Sometimes when we’re not sure about something, we make our best guess: it’s just part of human nature.
This heuristic approach allows us to take shortcuts in our cognitive processes. Although some scientists view use of such heuristics as laziness–we’re called “cognitive misers”–I wonder if such shortcuts enable us to reduce uncertainty and bring answers to the unknown. In other words, such shortcuts are functional.
Problem is that sometimes the shortcuts are just plain wrong. And since the focus of the blog centers on American Indians, it’s worth talking about the types of shortcuts that affect perceptions of Indian Country.
The topic of Indian artifacts and bones looms in conversations I’ve had since working for the National Museum of the American Indian. Someone recently asked me about the lawsuit over the remains of Geronimo, who was buried in Oklahoma–far from his Apache home–and whose remains were said to have been plundered in 1918 by a secret club at Yale University called the Skull and Bones. Supporters of the lawsuit are quick to note that members of former president Bush’s family were allegedly members of the club.
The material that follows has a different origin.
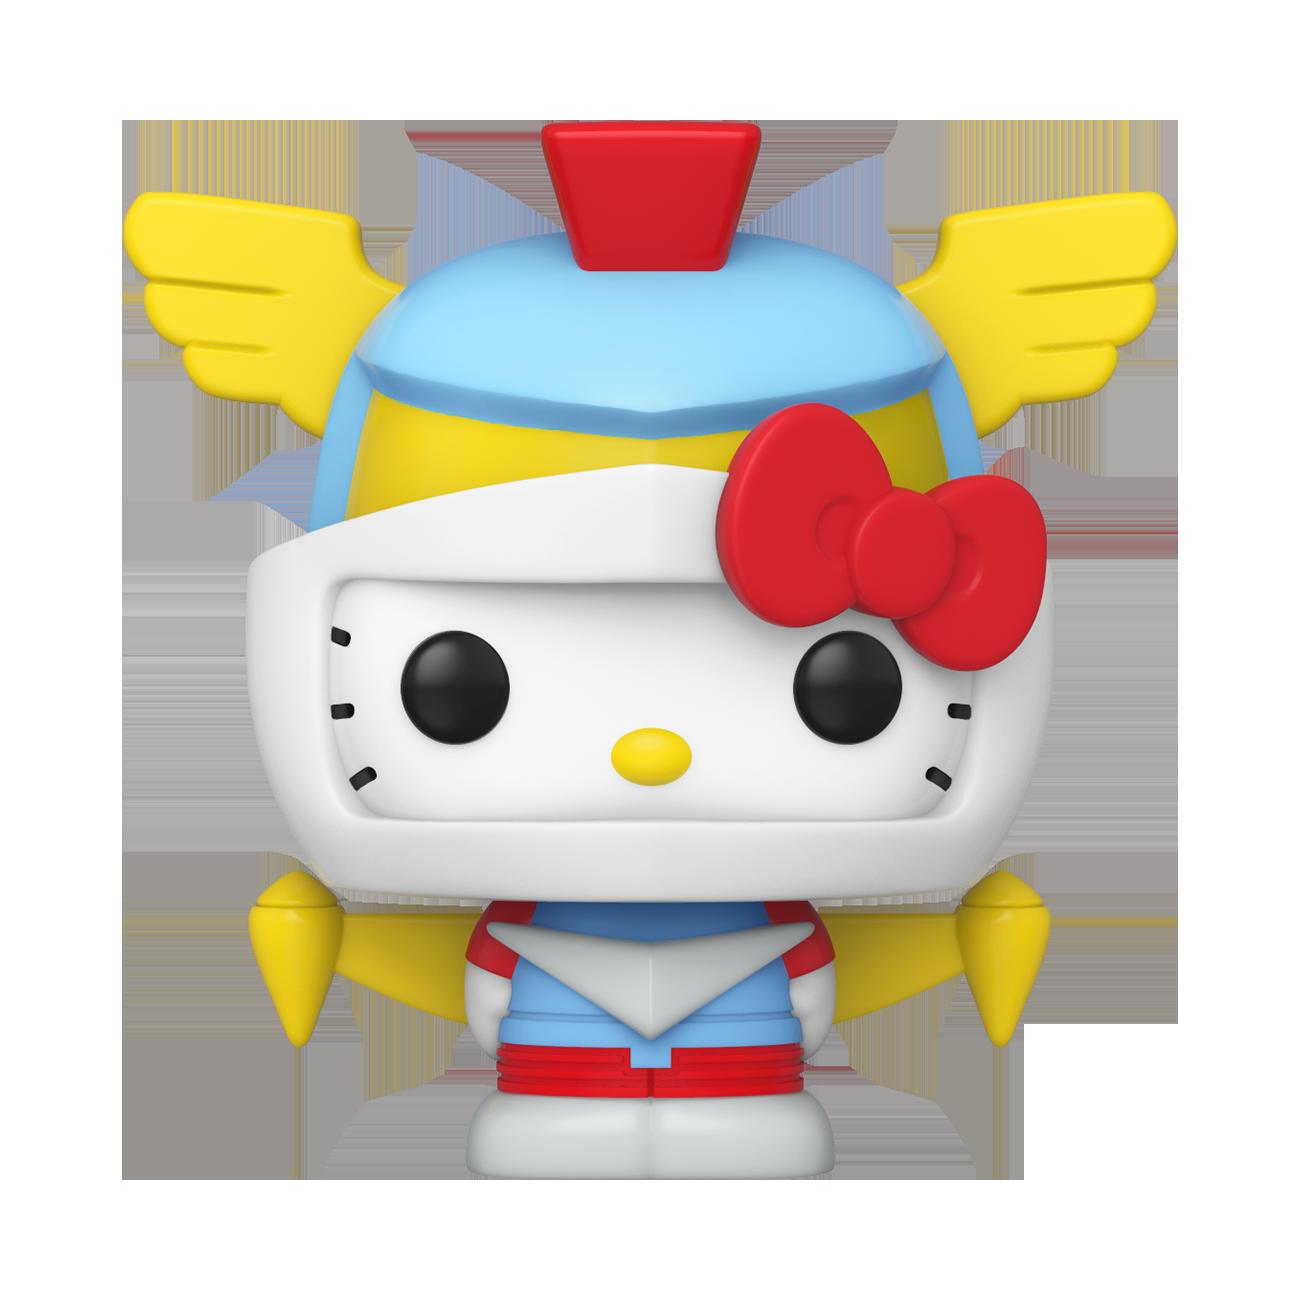 Funko Sanrio Hello Kitty Robot Summer Convention 2020 Exclusive Pop! Vinyl Figure

This month a judge dismissed the lawsuit because, according to press reports, the bones are not protected by any federal laws. In other words, NAGPRA–the federal legislation signed in 1990 by President George H. W. Bush to protect Indian artifacts–doesn’t include “Native American cultural items excavated or discovered after 1990.”
In my view, NAGPRA should be interpreted to protect Indian artifacts according to the spirit of the law, not an arbitrary timeframe.
When the lawsuit was filed in 2009, The Washington Post covered the press conference that announced the suit brought by Geronimo’s great-grandson, Harlyn Geronimo. The coverage brings to mind the cognitive shortcuts suffered by journalists who resort to judgments about Indians. Reporter David Montgomery wrote that Harlyn Geronimo “projected a sort of authenticity by wearing a Vietnam Veterans ball cap, Apache medicine beads, Ray-Ban tinted glasses, a bullfighter’s belt buckle and black boots.”
Whether such descriptions bring credibility or delegitmize Geronino can only be assessed by asking readers. Still, I argue that the description brings attention to how the Indian is dressed, rather than to the quality of his argument. Moreover, the reporter raises the question of “authenticity,” and invites readers to question its currency.
Mass communication researchers have noted that when mainstream, white, male officials are described, their appearance is largely ignored. When folks outside the mainstream are described in news accounts, their clothing and countenance become part of the story.
This is particularly true for American Indians, perhaps because heuristics lead viewers and readers to look for feathers and beads, perhaps assuming that such accoutrements would make the speaker somehow more authentic.
And the Indian man had his sense of style while in contrast white men wear suits and repress/hide all their individuality in order to run with the HERD.
But to the bones—what is this desire to ‘own’ the bones of another person? Is it a manifestation of a mental pathology? I do not comprehend this at all. Do you have any thoughts on it?